Mark Orange is a visual artist from Belfast, Northern Ireland, living and working in New York since 1999. His work in audio, video, photography, and installation has been shown at galleries internationally, including Artists Space, Swiss Institute, Participant Inc, and Anthology Film Archives in New York, as well as Overgaden, Copenhagen; Temple Bar Gallery, Dublin; Cornell University, Ithaca; and Model Arts and Niland Gallery, Sligo. In 2017, Orange presented McCullough Mulvin Orange, an exhibition that took place across five venues in Dublin, including the Irish Architecture Foundation, Temple Bar Gallery & Studios, and Trinity College.

The artist was a founding member of Belfast artist-run organization Catalyst Arts in 1993, where he was closely involved in curating a series of exhibitions and events at offsite locations. This experience directly fed into his own art practice, which frequently draws on post-minimalist and site-specific traditions. Architectural space and the figure of the architect have remained a consistent focus of many of these works, which often foreground minor narratives to navigate alternative paths through built space. Key projects have included a trilogy of 16mm short films shot at landmark locations in New York; a group of works that explore 'open 24 hours' as an abstracting ideological account of the modern city; and a suite of collaborative audio and video installations that have sought to return contemporary architects to the spaces they have designed—in playful or unexpected ways that serve to displace top-down models of creativity.

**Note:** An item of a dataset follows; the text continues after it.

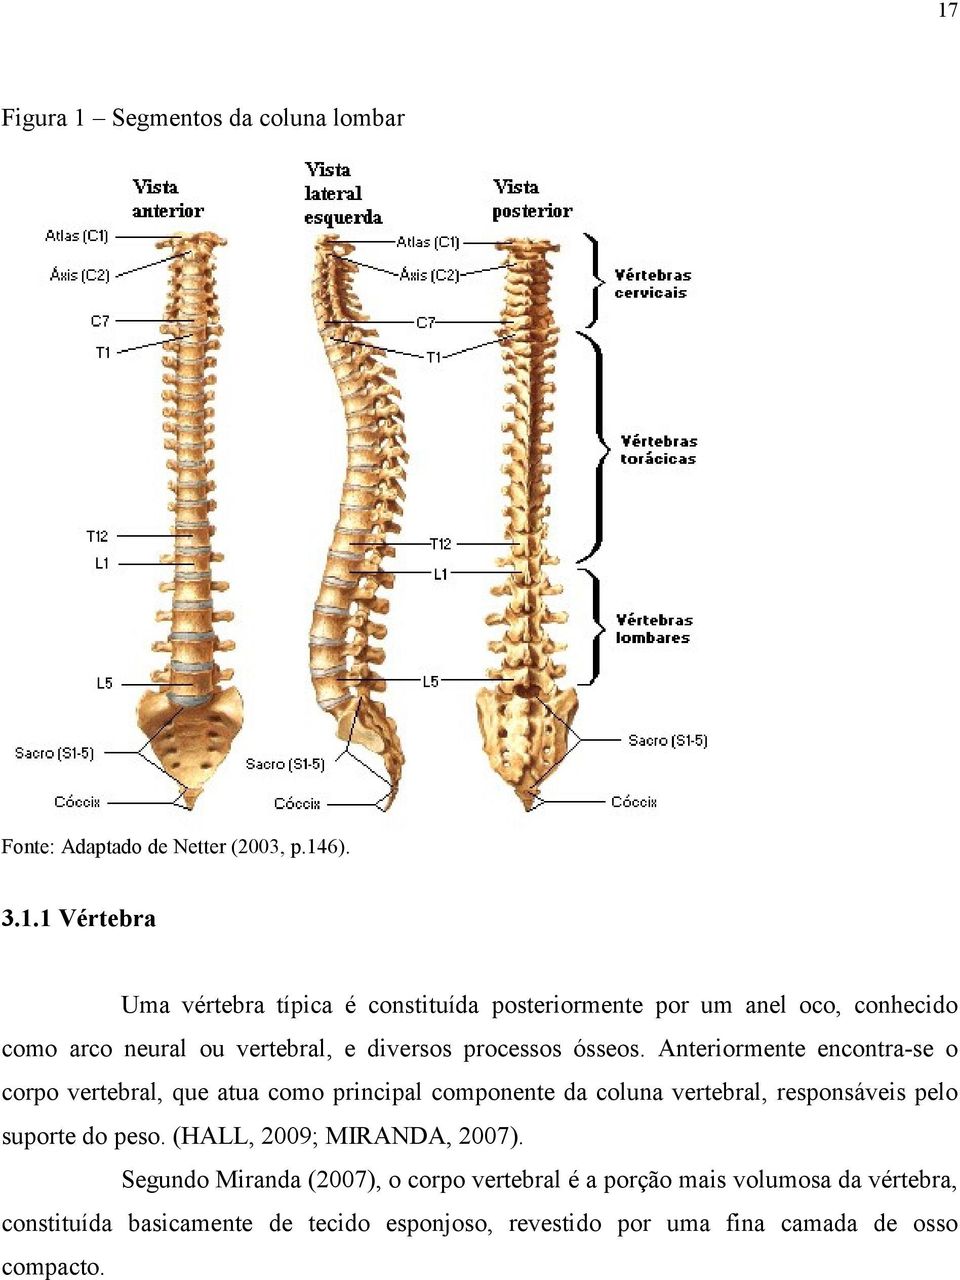 Anteriormente encontra-se o corpo vertebral, que atua como principal componente da coluna vertebral, responsáveis pelo suporte do peso.

Orange has been an artist in residence at the Arts and Humanities Research Institute at Trinity College Dublin; PS1, New York; Yaddo, Saratoga Springs; and the Irish Museum of Modern Art, Dublin. He has received awards from the Arts Councils of Ireland and Northern Ireland, Dublin City Council, and twice been a recipient of the EVA International Biennial prize. Three of his film works are held in the collection of LUX, London.

Mark Orange's work has been written about in publications including Artforum, Art Monthly, Contemporary, Time Out New York, CIRCA, The Guardian, The Irish Times, and The Sunday Times; in 2011, he was selected as one of the representative artists of the new millennium for the publication 'Creative Ireland: The Visual Arts'.